Rani didn’t wish to be popular, or even liked. Rani wished to be like the nerds, that she could fit in with them, but the books she liked were mostly horror comics and obscure essays or monologues in third person. The nerds seemed to think she was so backwards that she was mainstream. She had tried but the  wall was apparently too high for her to get inside Nerd World.

Form was chaos as usual. Mr Harrington was a drunk (Rani assumed) and he always turned up late and dishevelled looking like he could use a gallon of cool water and a full English breakfast. He was also, ironically, British. Just like every other day, today was the same. Rani took her seat up the front — she prayed every night for a back-of-the-room seat but it never presented itself — and tried to get herself in order. The day was going to be rough; back to back physics followed by a calculus class that would most likely break her.

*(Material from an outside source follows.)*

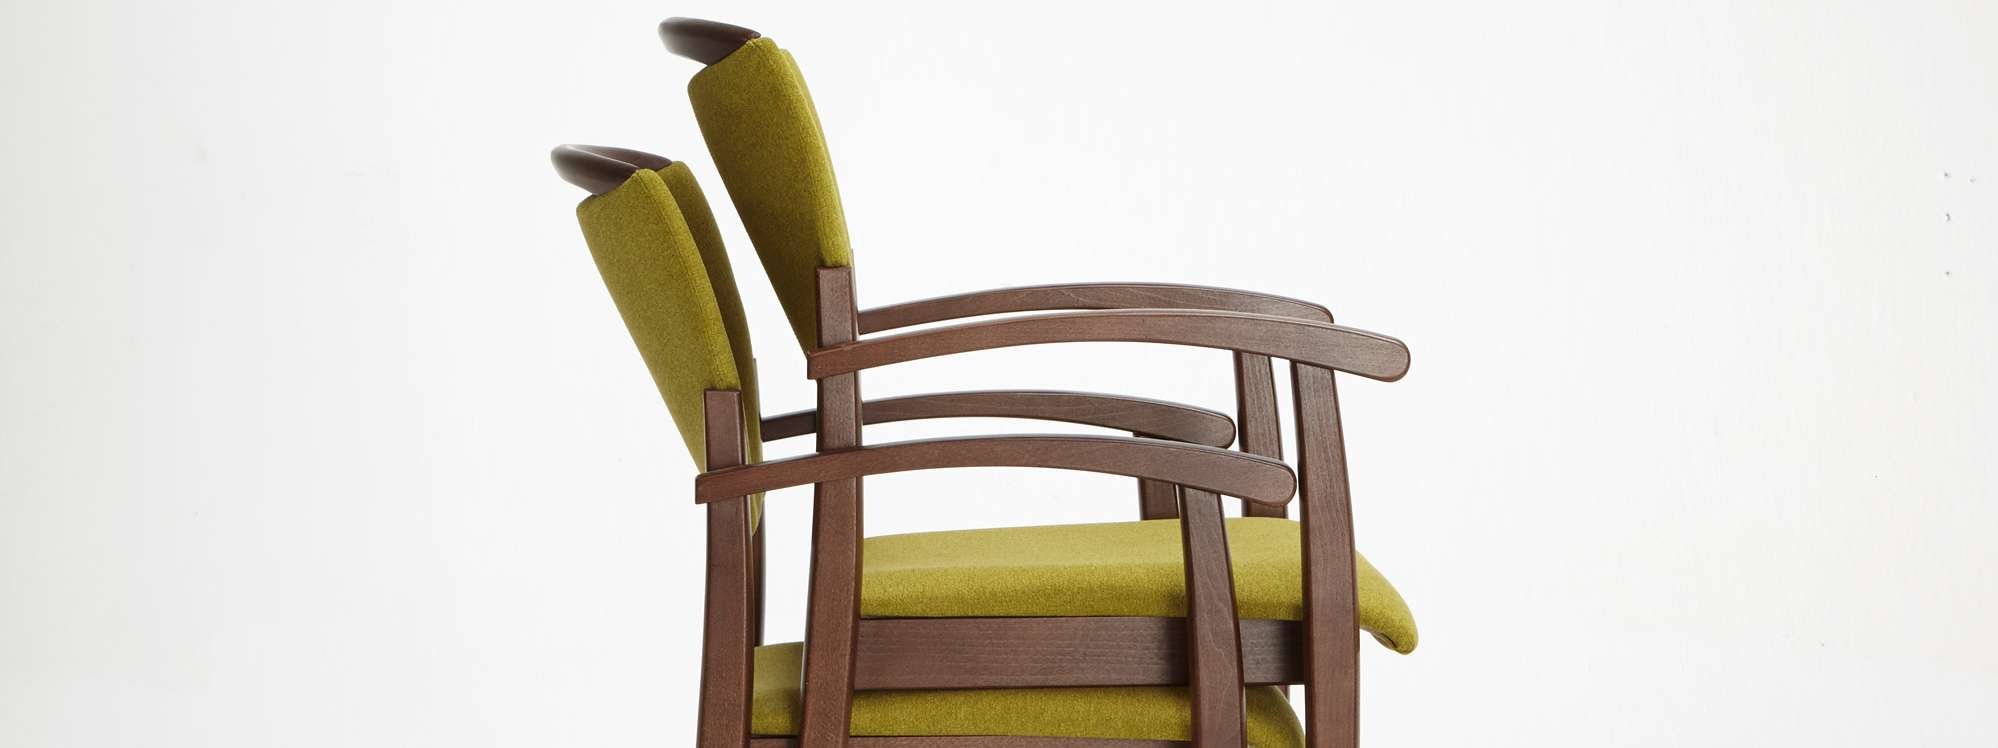 Sztaplowane krzesła Fena ułatwiają utrzymanie czystości w pomieszczeniu
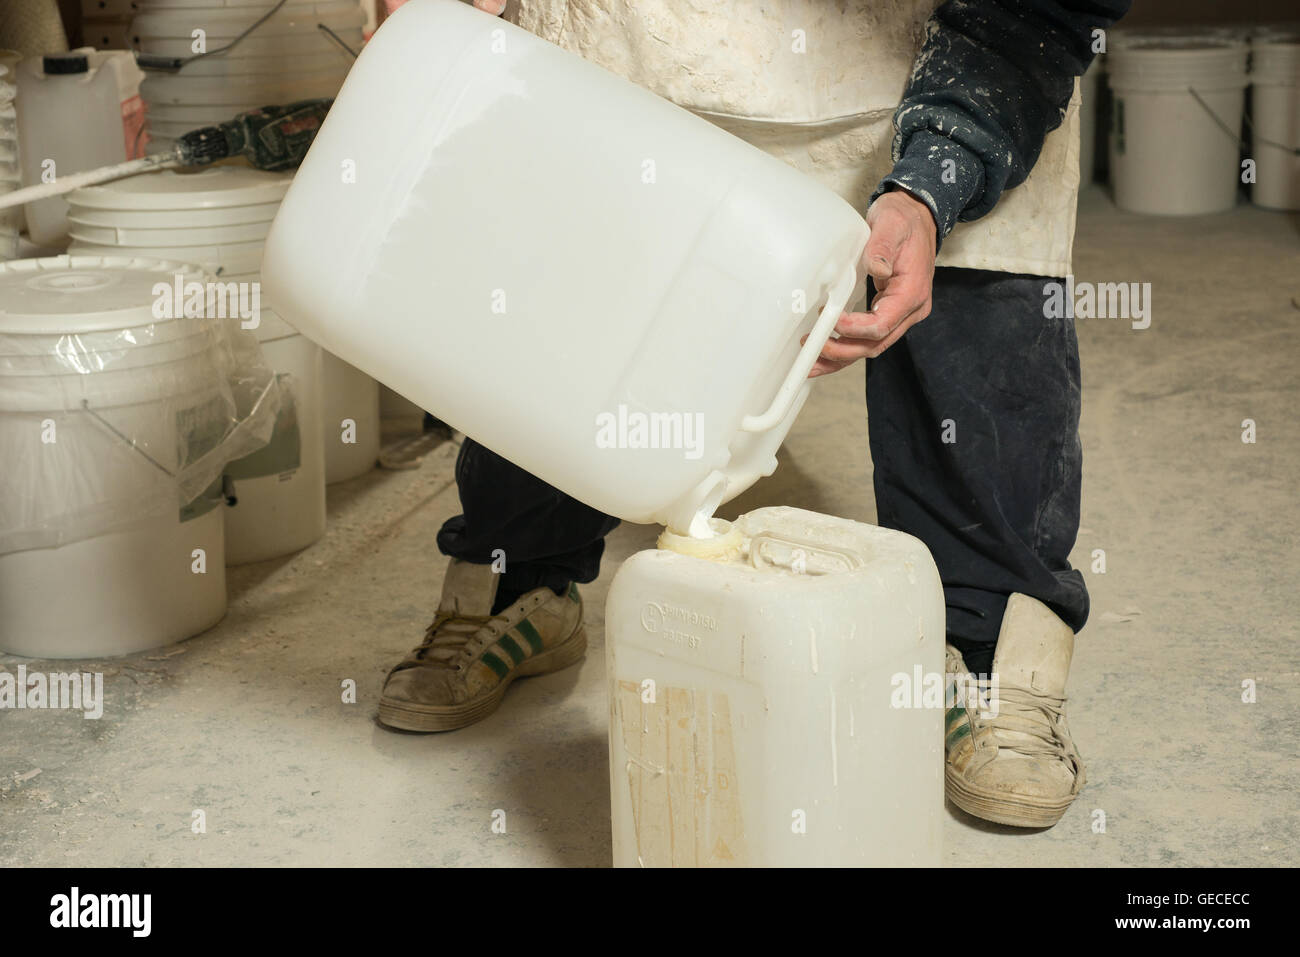 Un homme versant plâtre liquide résine dans un grand récipient en plastique blanc Banque D'Images

Rani watched the class and Mr Harrington but no one spoke to her and no one even seemed to look at her, and that was the gruesome beauty of being an invisible beacon. She was hidden until she was seen, and when she was seen, everyone saw.

Marla Holiday sat up the back of form and always spoke at the top of her voice. She was the too-loud blonde-coloured mean-girl centre of her posse. She was everything that Rani didn’t like about high school, but what was there to be done about that? The conversation was audible from here to there. The weekend and the parties and the oh my god how gross is Mr Harrington, and then —

“It’s like she lives in a fucking forest though, right?”

Marla Holiday’s band of bitches cawed their agreement and Rani could feel her oily teenager face growing a warm scarlet.

“I mean, does she even shower? It’s as if she wants to look like that.”

Rani did her best to not listen and started going over her poetry notes with her head down.

“You’d think her parents would do the kind thing and just take her outside and hose her down.”

There was another wave of approving caws from the bitch-band and then Mr Harrington called form class to attention. “Another great week ahead of us ladies and gentlemen,” he said in a rough voice as he dropped an aspirin into his tea cup. It fizzed and Rani watched him rubbing his temples.

The response was muffled disagreement. No one really wanted to be there — especially not Harrington — but they endured it together and Rani watched as he sat down to ignore them like he did each morning.

Marla Holiday wasn’t done though. “I hope she cleans it.”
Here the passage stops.